Pumpkin Bread Is Great. Beer Bread Is Great. What About Pumpkin-Beer Bread?

Brow Beat
Slate's Culture Blog
Sept. 12 2012 11:21 AM

You’re Doing It Wrong: Pumpkin Bread

Pumpkin-Beer Bread

Juliana Jiménez Jaramillo for Slate.

Pumpkin bread is one of those delicious baked goods that teeters on the border between bread and cake. It’s moist, sweet, warmly spiced, and buttery. If you served it with vanilla ice cream or whipped cream, you’d have dessert—but most people see it as breakfast or snack fodder (smeared with cream cheese, if you’re smart).

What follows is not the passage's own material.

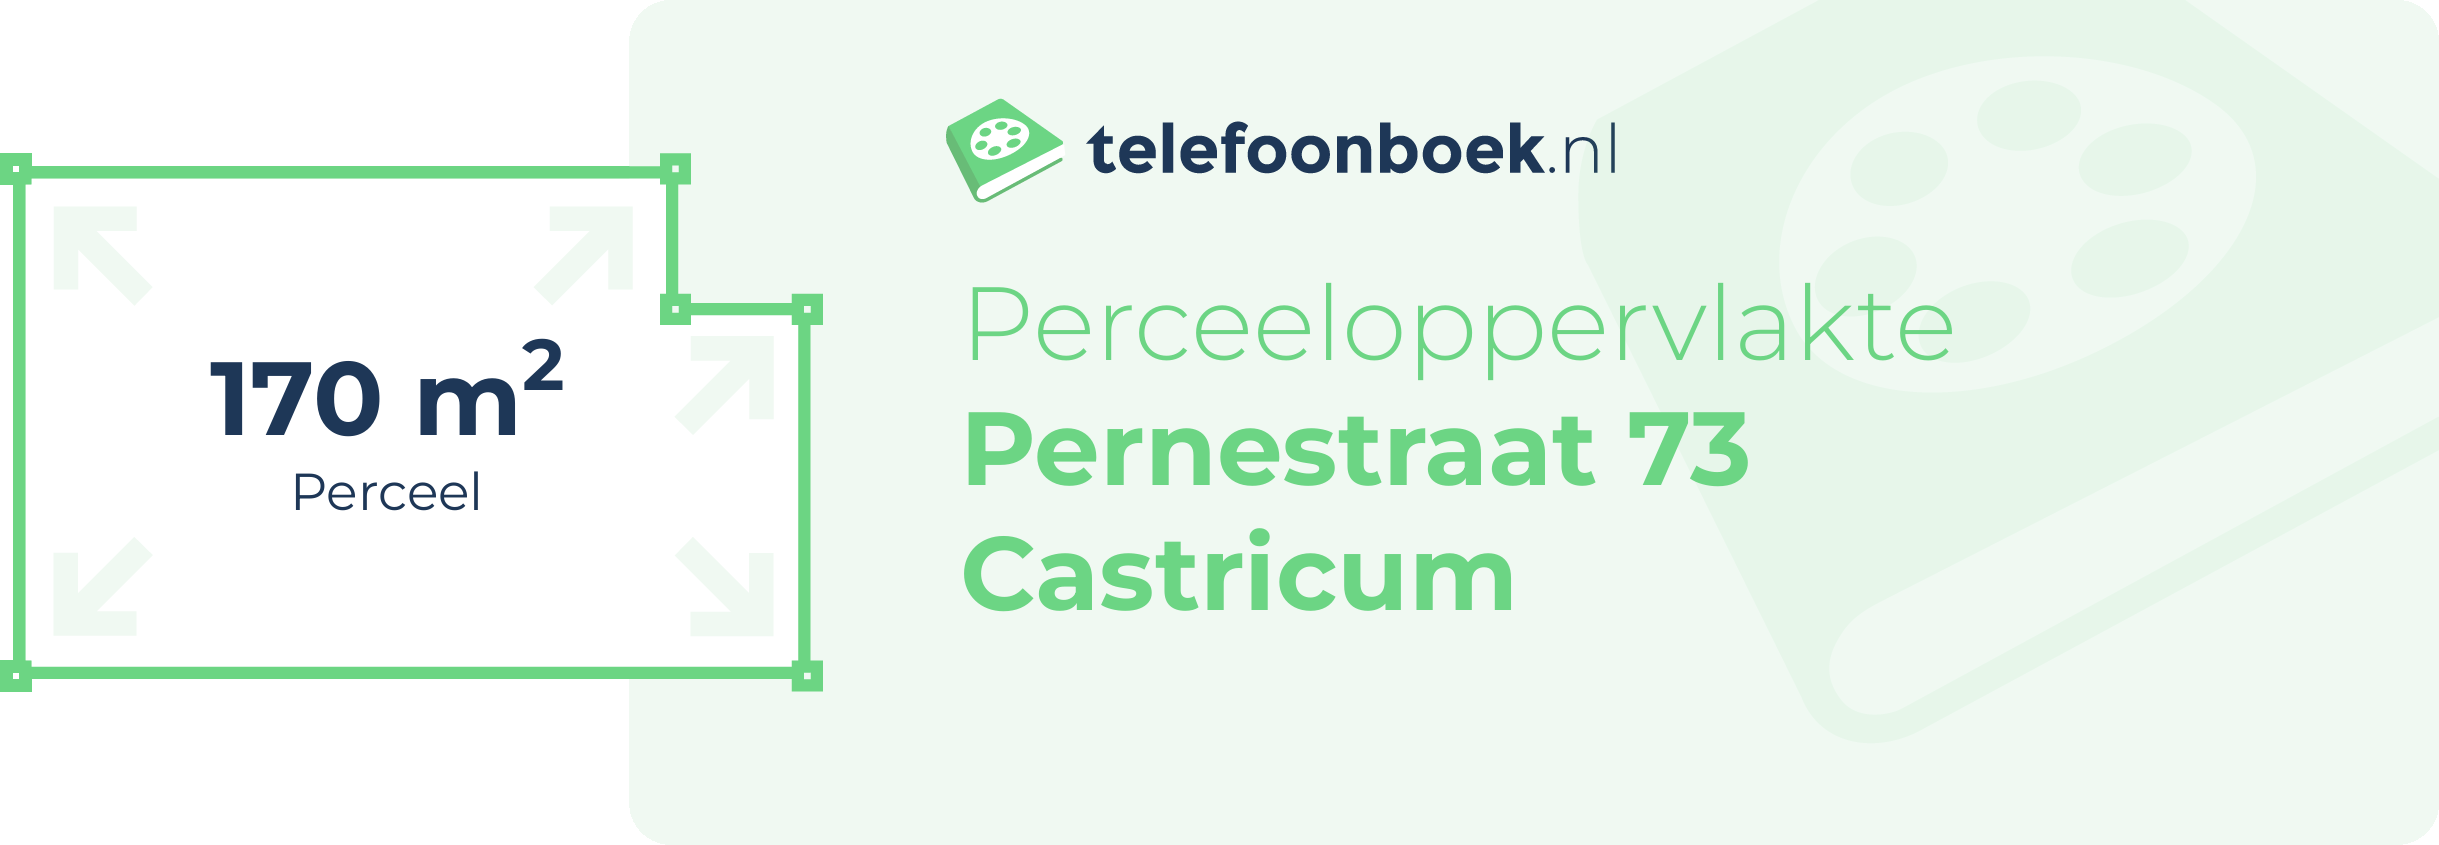 Perceeloppervlakte Pernestraat 73 Castricum

L.V. Anderson L.V. Anderson

L.V. Anderson is a Slate assistant editor. She edits Slate's food and drink sections and writes Brow Beat's recipe column, You're Doing It Wrong. 

I’ve always liked pumpkin bread, but I didn’t think there was much else to be said about it. Then a vegan colleague brought in an excellent egg- and dairy-free loaf and revealed that it contained both pumpkin and pumpkin ale, and my mind was blown. Eating pumpkin-beer bread when I’d only ever had regular pumpkin bread was like finally listening to PJ Harvey’s Let England Shake when I’d only ever heard the earlier stuff.


Pumpkin-beer bread makes perfect sense. First of all, beer is an excellent liquid ingredient for baking. Beer bread—which, at its simplest, contains flour, baking powder, salt, oil, and a 12-ounce bottle of your favorite brew—has a fabulously yeasty flavor and moist texture, but is much simpler to make than actual yeast bread. And its deep, savory yeastiness is exactly what’s missing from pumpkin bread. Without beer, the dominant flavor of pumpkin bread is sweetness. With beer, there’s tartness and complexity mixed in. Pumpkin bread made with beer lives up to the name bread, and deliciously so.

Though my colleague’s vegan bread was exceptional, I generally prefer my baked goods nonvegan, so I came up with a recipe containing the usual suspects—butter and eggs—plus brown sugar and a smattering of gingerbread spices. (Cinnamon is nonnegotiable; you can omit one or two of the others or swap them out for cloves instead.) Canned pumpkin is my preference, but if you have the time and inclination to bake and mash fresh pumpkin, then bake and mash your heart out. It is, after all, gourd season—and so the obligatory choice for the beer is pumpkin ale.

This recipe is easy, as most quick breads are, but will likely leave you with the mild quandary of leftover beer and pumpkin. I hope I don’t have to tell you what to do with the leftover beer. As for the pumpkin, you can freeze it till Thanksgiving; stir it into vegetable soup; use it in place of the potato in Surprise Cinnamon Rolls; or substitute it for some of the liquid in your next batch of pancakes, biscuits, or French toast.

Pumpkin-Beer Bread
Yield: One 9-inch loaf (About 12 servings)
Time: 1¼ hours

Oil or butter for greasing the pan
1¼ cup all-purpose flour
½ cup whole-wheat flour
1 teaspoon baking powder
½ teaspoon baking soda
½ teaspoon salt
1½ teaspoons ground cinnamon
½ teaspoon ground ginger
Pinch ground nutmeg
Pinch ground allspice
3 tablespoons unsalted butter
1 cup pumpkin purée
1 cup brown sugar
2 large eggs
1 cup pumpkin ale

1. Heat the oven to 350°F. Grease a 9-inch loaf pan. Combine the flours, baking powder, baking soda, salt, cinnamon, ginger, nutmeg, and allspice in a large bowl.

2. Melt the butter in a medium saucepan over low heat (or in a medium bowl in the microwave). Remove from the heat. Stir in the pumpkin and brown sugar, then stir in the eggs. Finally, stir in the pumpkin ale. Add the pumpkin mixture to the dry ingredients and stir just until combined, then transfer the batter to the greased pan.

3. Bake until a toothpick inserted into the center of the loaf comes out clean, about 1 hour. Cool thoroughly, then slice and serve. (Leftover pumpkin bread can be wrapped in foil or plastic wrap and stored at room temperature for up to a few days.)